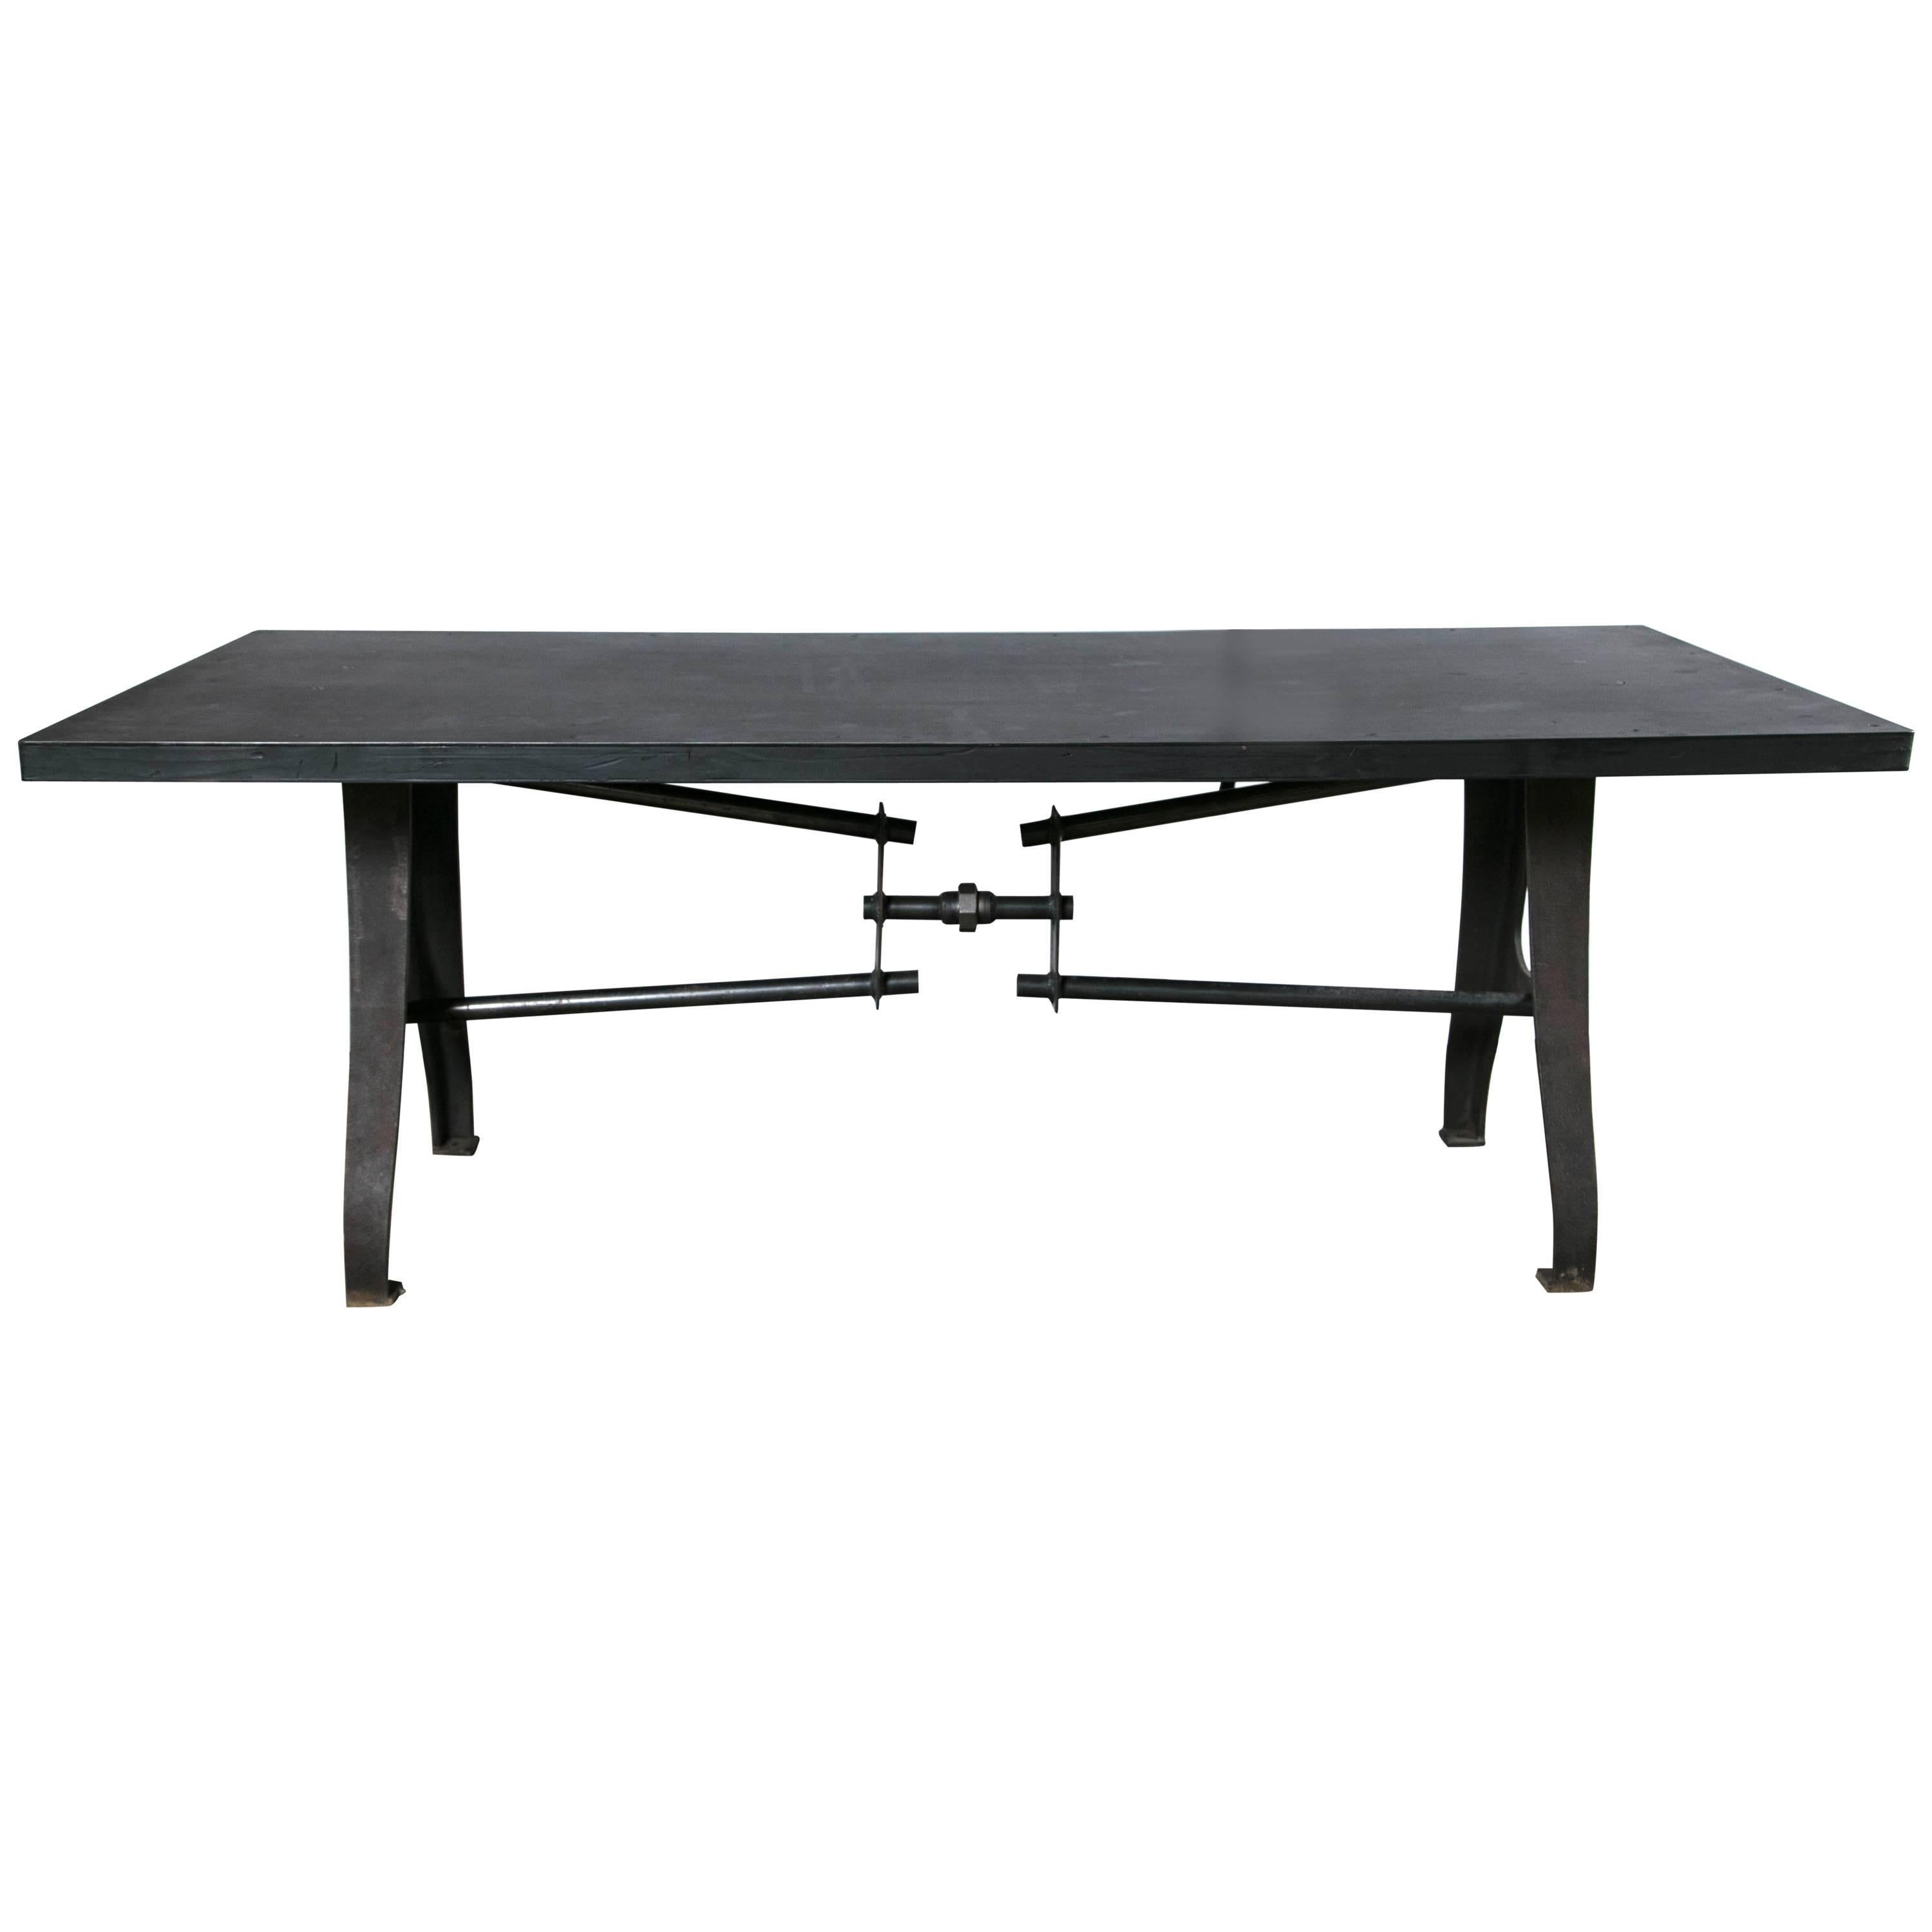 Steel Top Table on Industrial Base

**********

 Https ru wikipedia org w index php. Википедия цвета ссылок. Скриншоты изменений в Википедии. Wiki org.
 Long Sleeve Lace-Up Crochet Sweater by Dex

**********

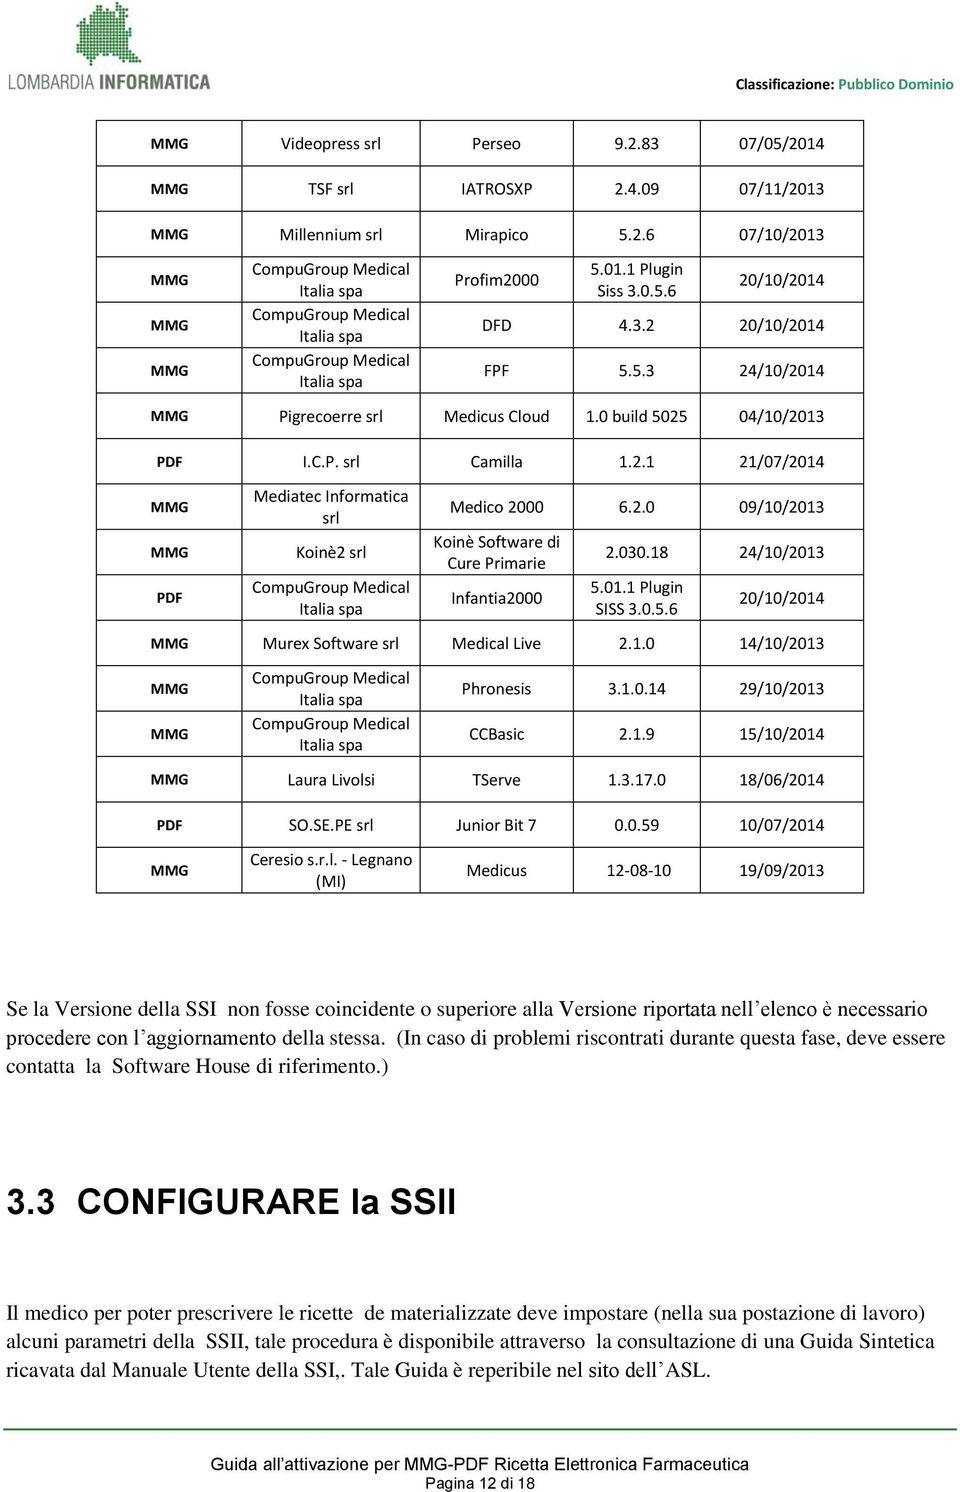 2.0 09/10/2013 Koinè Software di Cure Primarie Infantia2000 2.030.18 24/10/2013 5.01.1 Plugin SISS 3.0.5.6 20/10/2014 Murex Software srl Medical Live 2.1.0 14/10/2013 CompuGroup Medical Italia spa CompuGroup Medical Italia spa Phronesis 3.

**********

> **WHAT THE TASK REQUIRES**
The expected answer is an exact copy of the lines above, beginning at the line with "Https ru wikipedia" and ending at the line with "Long Sleeve Lace-Up Crochet Sweater by Dex", with both ends in.

> **COMPLETED EXERCISE**
 Https ru wikipedia org w index php. Википедия цвета ссылок. Скриншоты изменений в Википедии. Wiki org.
 Long Sleeve Lace-Up Crochet Sweater by Dex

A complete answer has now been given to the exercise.